ベントレー・ベンテイガxランドローバー・レンジローバー 英国ラグジュアリーSUV比較 後編
公開 : 2022.09.24 09:46
さらに上級志向となった新型レンジローバー。直接的なライバルになったベンテイガと、英国編集部が乗り比べしました。
もくじ
ー宙に浮いた魔法のじゅうたん的な感覚
ー極めて快適な長距離クルーザー
ー滑らかで敏捷性の高いベンテイガ S
ーベンテイガより上質な調律のV8サウンド
ーPHEVでは別の評価になる可能性アリ
ーベントレー・ベンテイガとランドローバー・レンジローバー 2台のスペック
宙に浮いた魔法のじゅうたん的な感覚
5代目へ一新したランドローバー・レンジローバーと、ベントレー・ベンテイガを乗り比べてみる。

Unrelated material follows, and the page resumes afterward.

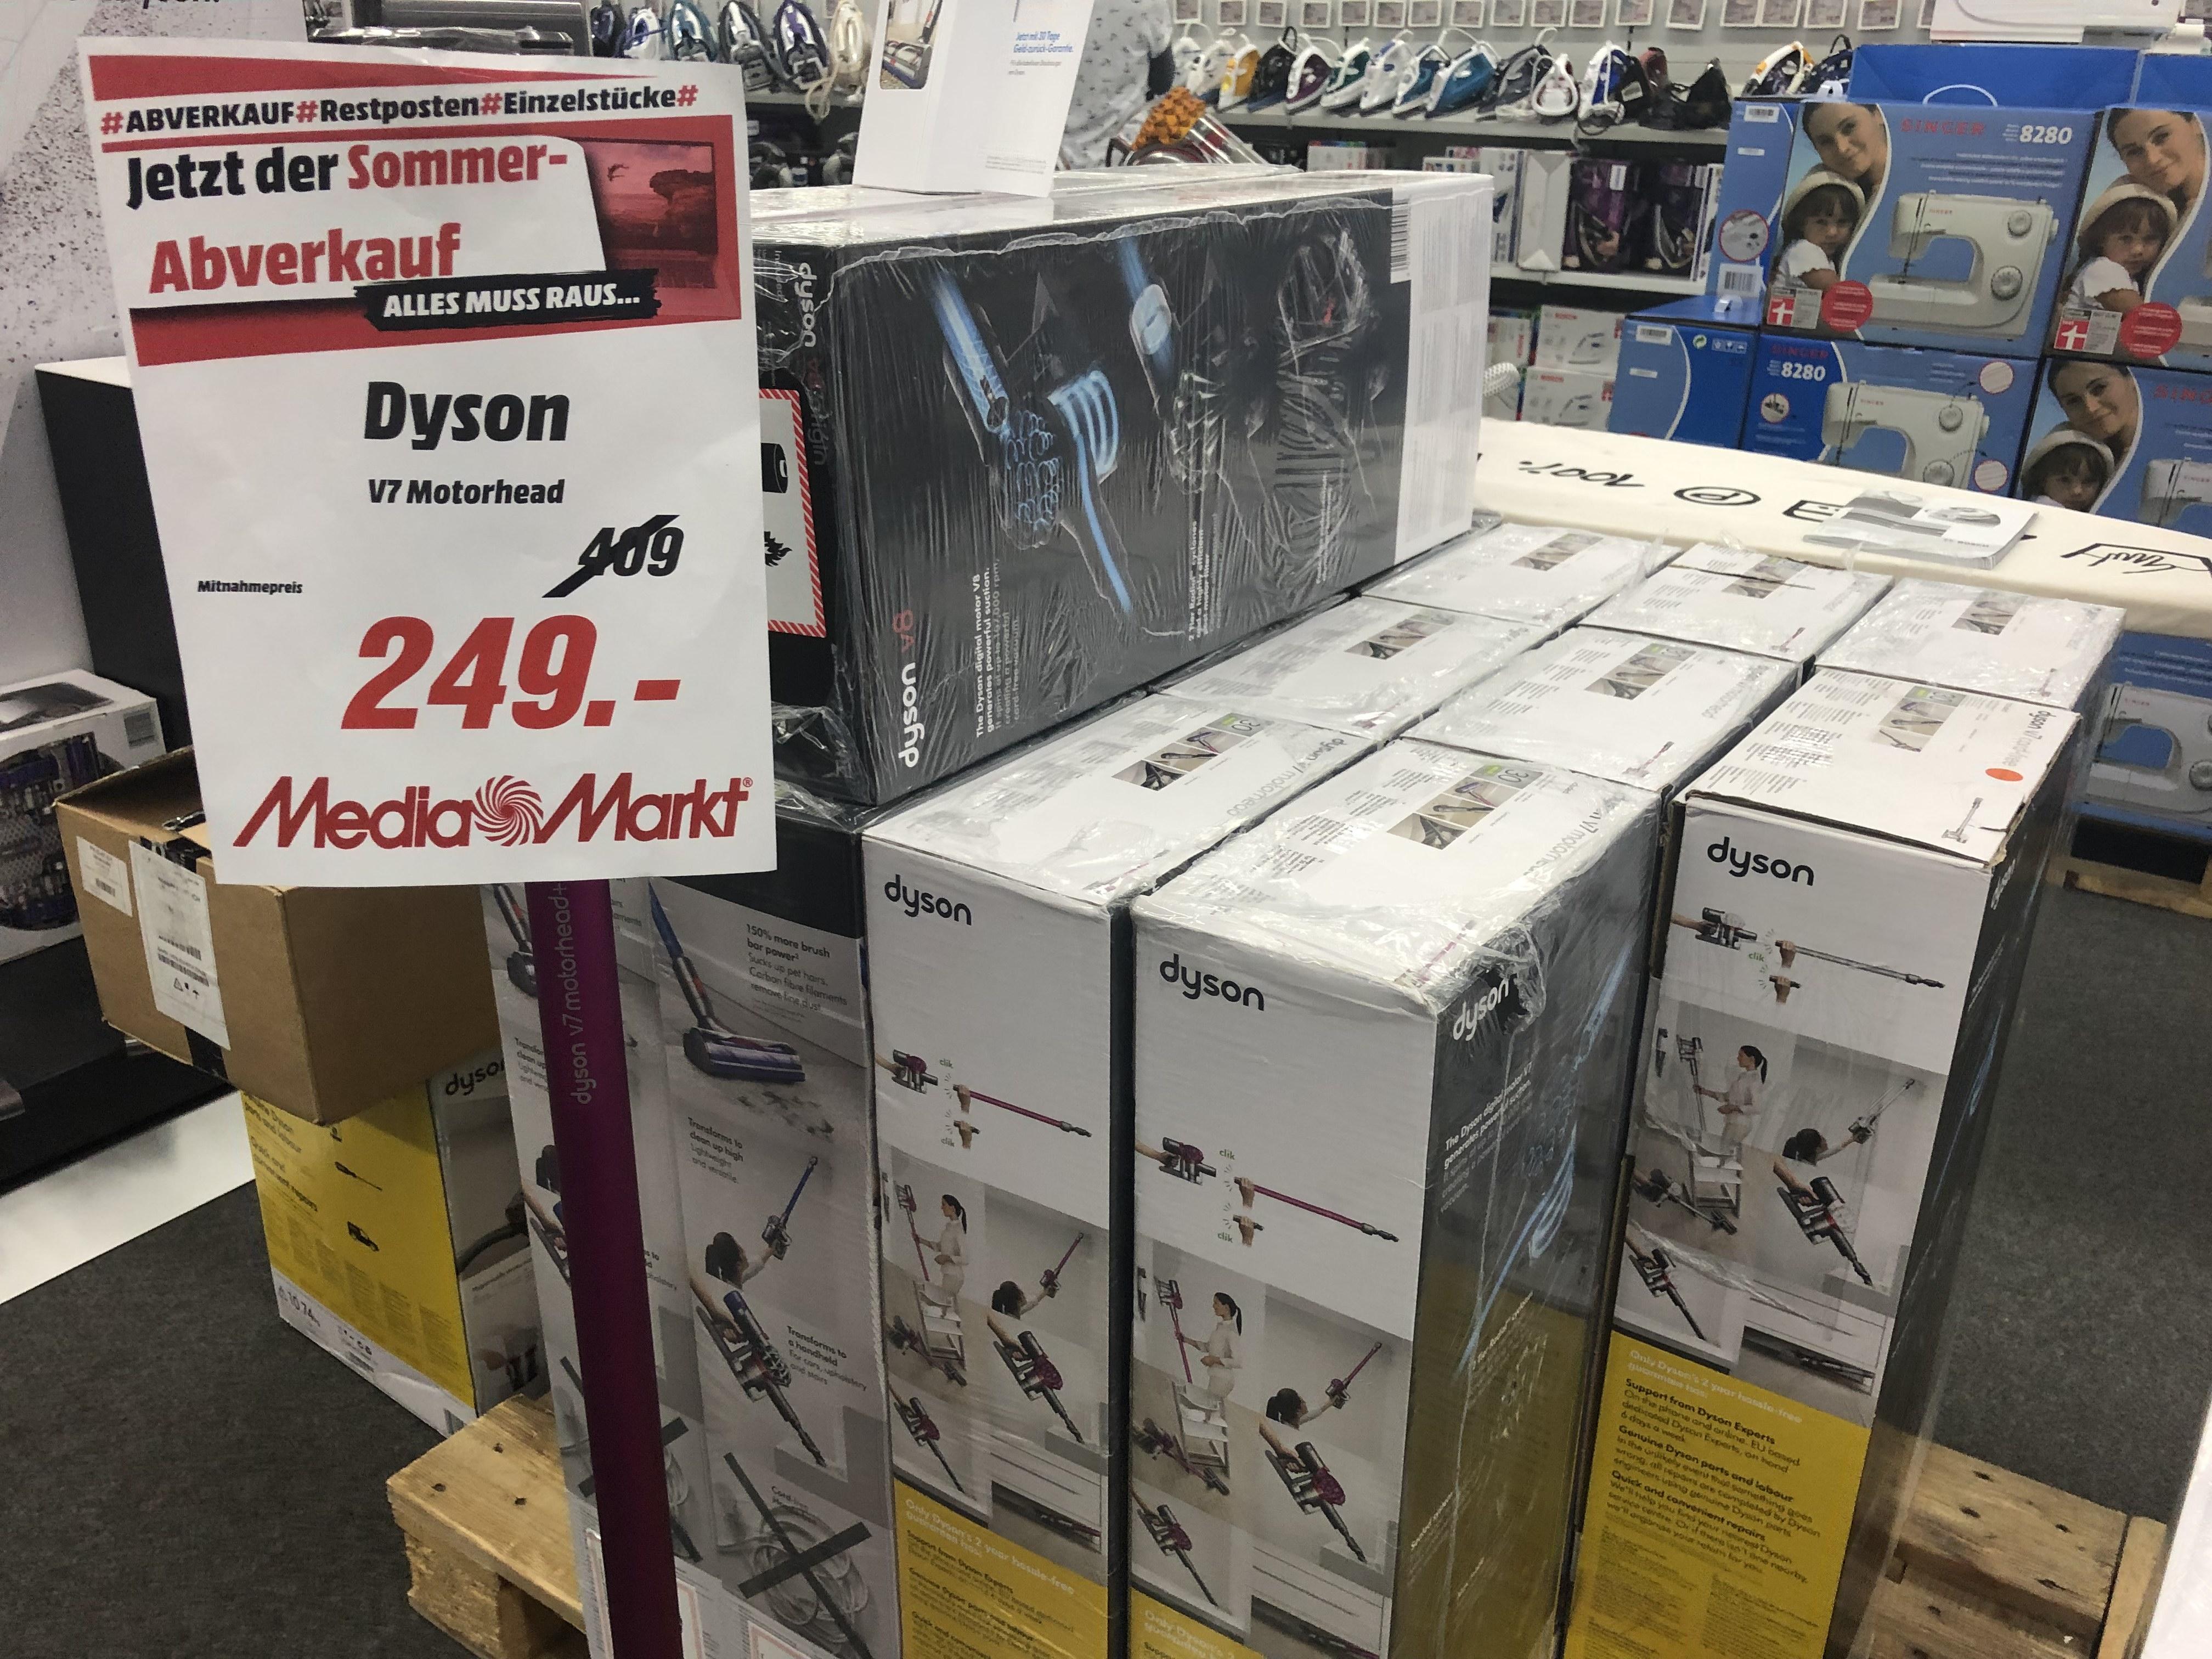 Dyson V7 Motorhead (MM Weiterstadt )

どちらも走行時の印象は上品で、街の中心部でもリラックスして運転できる。1度違うクルマから乗り換えると、外界からの隔離性に驚かされる。
2台とも、シートはクッションが柔らかいものの、しっかり身体を支えてくれる。ヒーターやベンチレーション、マッサージ機能が内蔵され、快適至極だ。
スポーティなデザインなのはベントレー。大きめのサイドサポートが付き、アルカンターラで仕立てられている。調整域はレンジローバーの方が若干大きい。
乗り心地は、最新のレンジローバーの方が優れると想像するかもしれない。確かに第一印象はそうだったが、過ごす時間が長くなるほど、質感に一貫性のあるベンテイガへ抱く好感が大きくなっていった。
宙に浮いた魔法のじゅうたん的な感覚は、レンジローバーの方が強い。発進直後からスムーズに滑るように走り、充分な車重が路面の凹凸を圧倒するようになだめていく。
だが、古い橋桁の継ぎ目や舗装の剥がれた穴などを通過すると、小さめの衝撃が伝わってくる。鋭い入力への対応は、エアサスペンションが苦手とすること。この処理では、ベンテイガの方が勝っている。
ランドローバーは、新しいレンジローバーのボディ剛性を50%も向上させたと主張する。それでも、シャシーは振動やキシミを完全には抑えきれていない。完璧なフィーリングを僅かに乱してしまう。
極めて快適な長距離クルーザー
過去に試乗したディーゼルエンジンのレンジローバーD350は、22インチ・ホイールを履いていて、巧みに路面変化を受け流していた。今回の試乗車が23インチのホイールを履いていたことが、小さくない影響を与えている様子。
1インチの差とはいえ、大径なほどバネ下重量の変化も大きくなる。市街地を中心にレンジローバーへ乗るなら、21インチが良さそうだ。ただし、そんな振る舞いも速度の上昇とともに改善。高速道路では極めて快適な長距離クルーザーになる。
レンジローバーには運転支援システムが標準装備され、しなやかな乗り心地と静かな車内で、心地よく遠くを目指せる。今回は640km以上も走ったが、これほど疲れ知らずに乗れるクルマは多くない。
高い速度域での風切り音やタイヤノイズが小さいのは、ベンテイガ。オプションとなる運転支援システムも若干高機能で、レンジローバーより僅かに評価は上回る。価格も高いのだが、より磨き込まれている印象は否めない。